Vatan Gazetesinin Darwinist Atlasındaki Yanılgılar

Daha önce Vatan gazetesinin düzenlediği bir atlas kampanyasına dikkat çekmiştik . Bunun öğrenciler için faydalı bir kültür hizmeti olduğunu belirtmekle birlikte, atlasta insanın evrimi senaryolarına yer ayrılmasının sadece ideolojik hesaplarla ilgili olduğunu, bunlarla ilgili iddiaların herhangi bilimsel bir kanıta dayanmadığını vurgulamıştık.

Türkçe baskısı Boyut Yayınevi tarafından gerçekleştirilen1 atlas, kupon biriktiren Vatan gazetesi okurlarına bir süre önce dağıtıldı. Atlas incelendiğinde dikkati çeken önemli bir nokta, insanın sözde evrimi senaryolarının yanısıra, yaşamın hayali rastlantısal başlangıcı ve sudan karaya geçiş senaryolarına da yer verilmesiydi.

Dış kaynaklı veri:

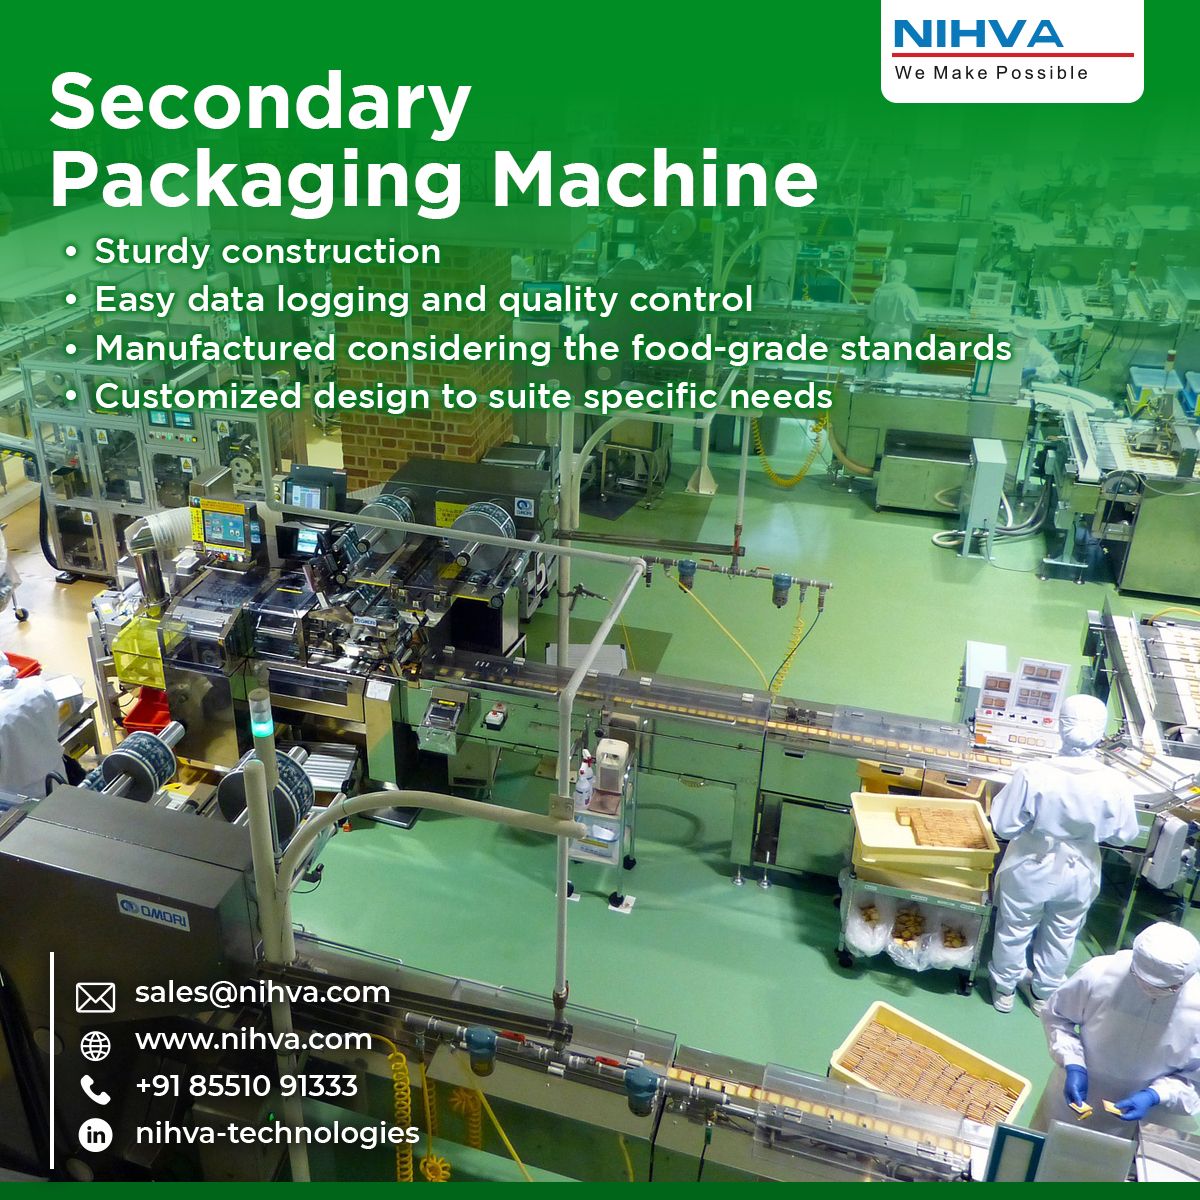 Box packing machine | Automatic packing machine | Secondary Packaging Machine | NIHVA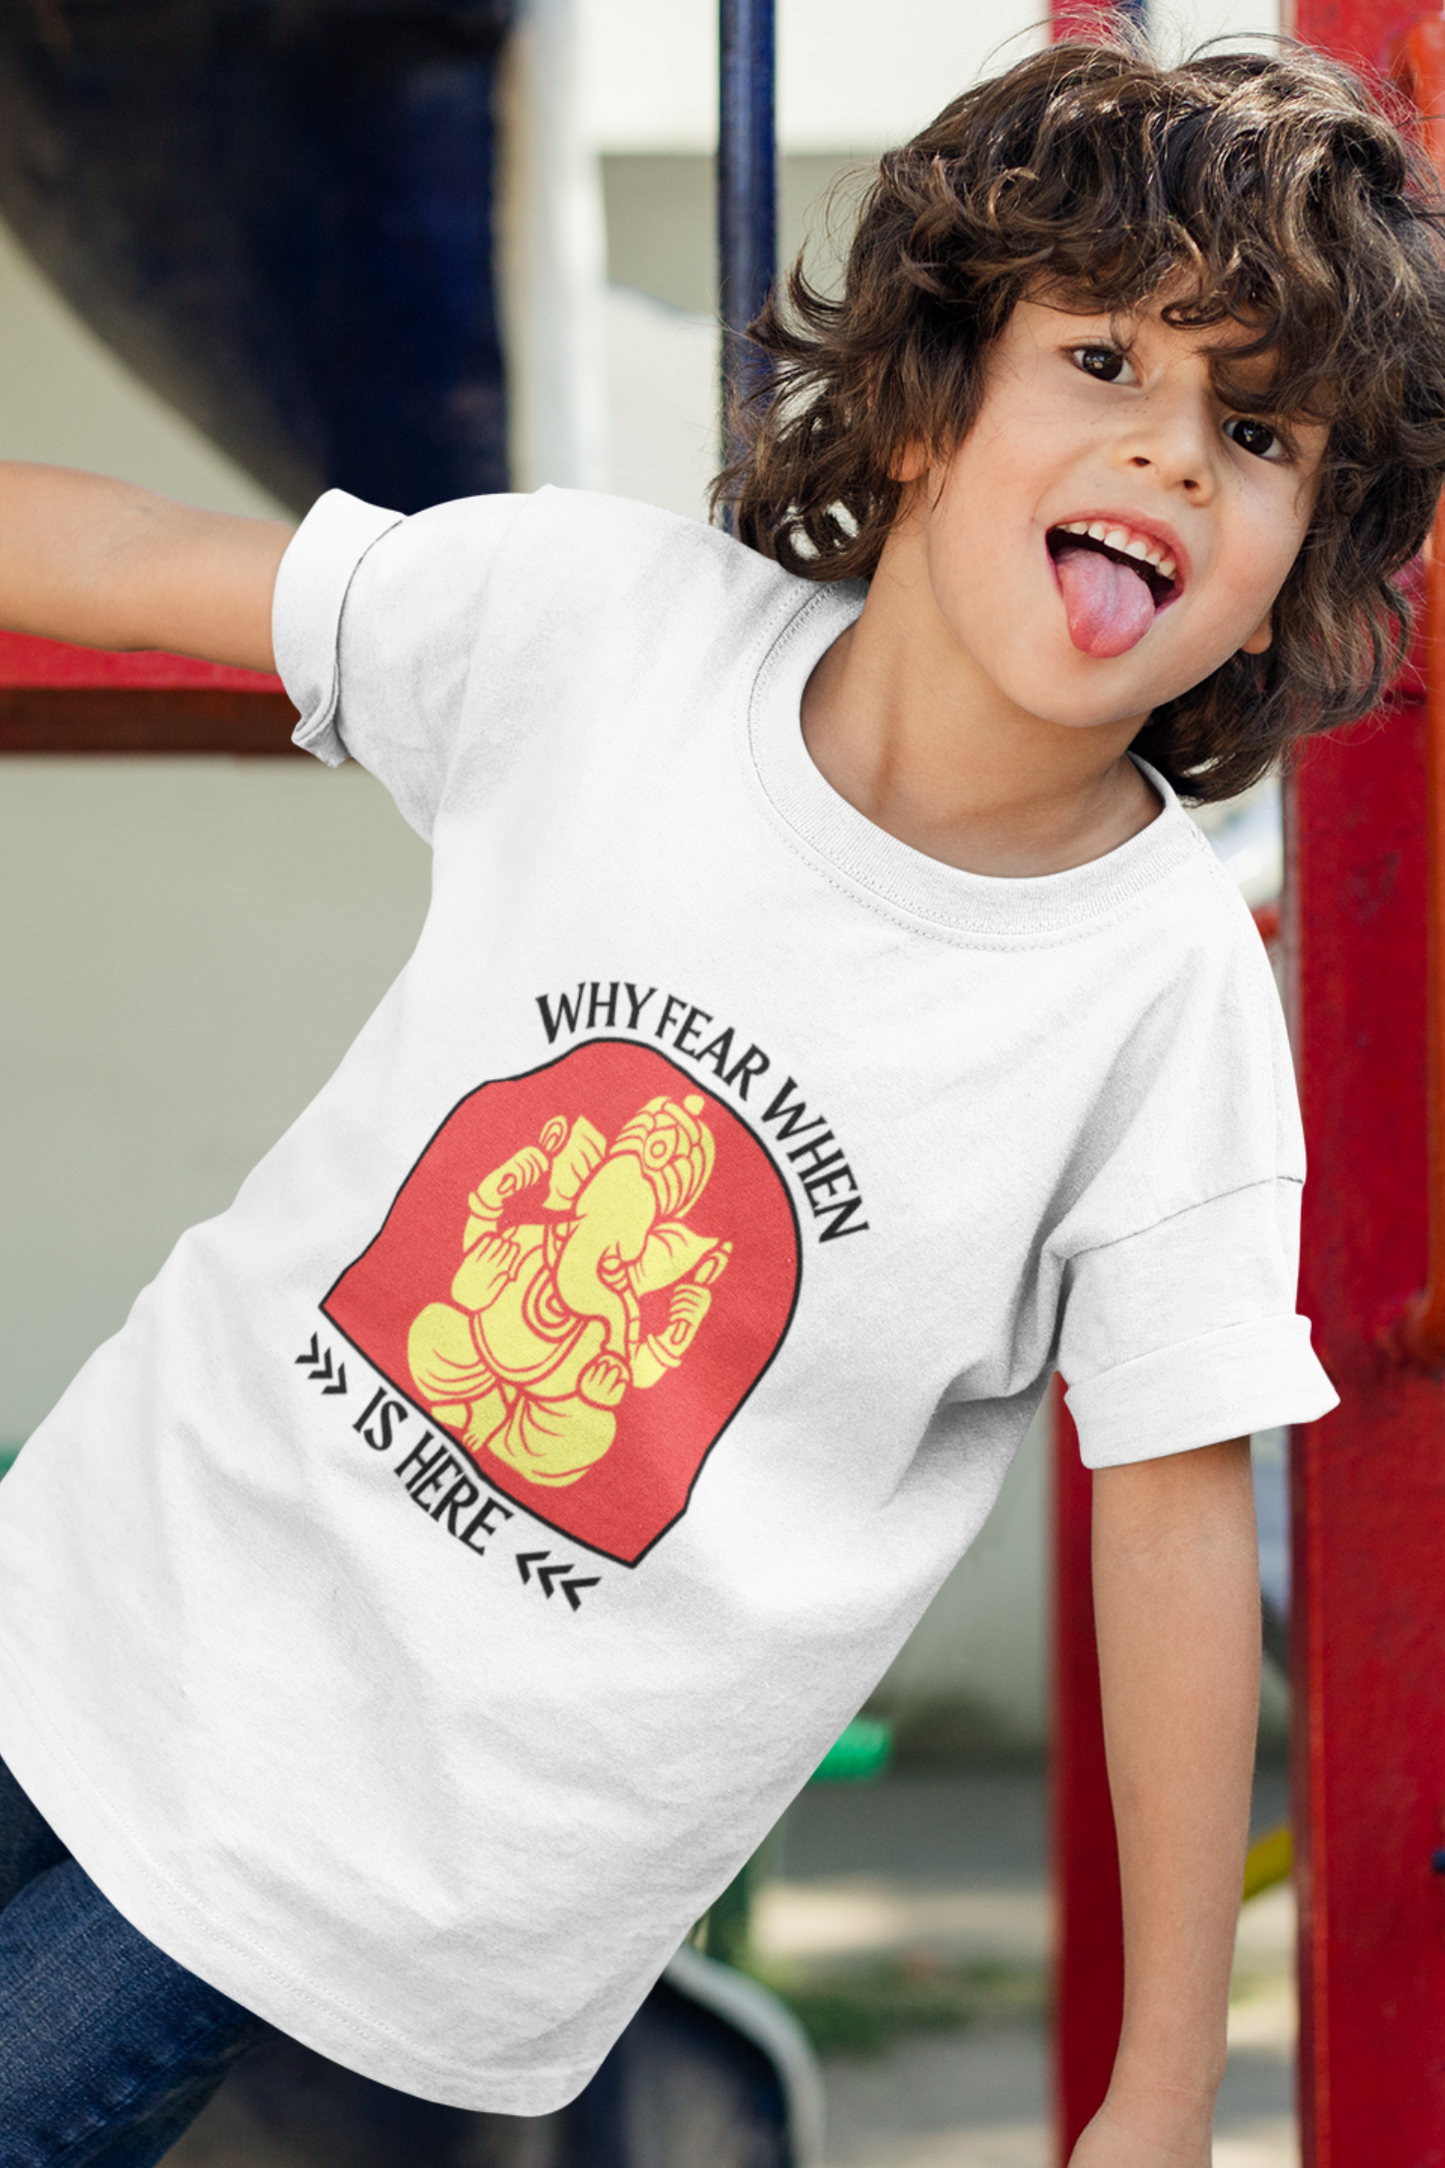 Why Fear When Ganesha Is Here Kid's T-shirt, Ganpati Bappa Morya Kids T-Shirt - nautunkee

Bu konulardaki evrimci iddialar, hayali çizimler ve masalsı anlatımlarla ortaya konuluyor, bunun sonucunda gözboyayıcı bir Darwinizm propagandası ortaya çıkıyordu.

Bu yazıda sözkonusu atlastaki evrimci iddialar cevaplanacak; bilimsel dayanaktan yoksun, telkin amaçlı resimlerle ilgili bilimsel gerçekler gösterilecektir.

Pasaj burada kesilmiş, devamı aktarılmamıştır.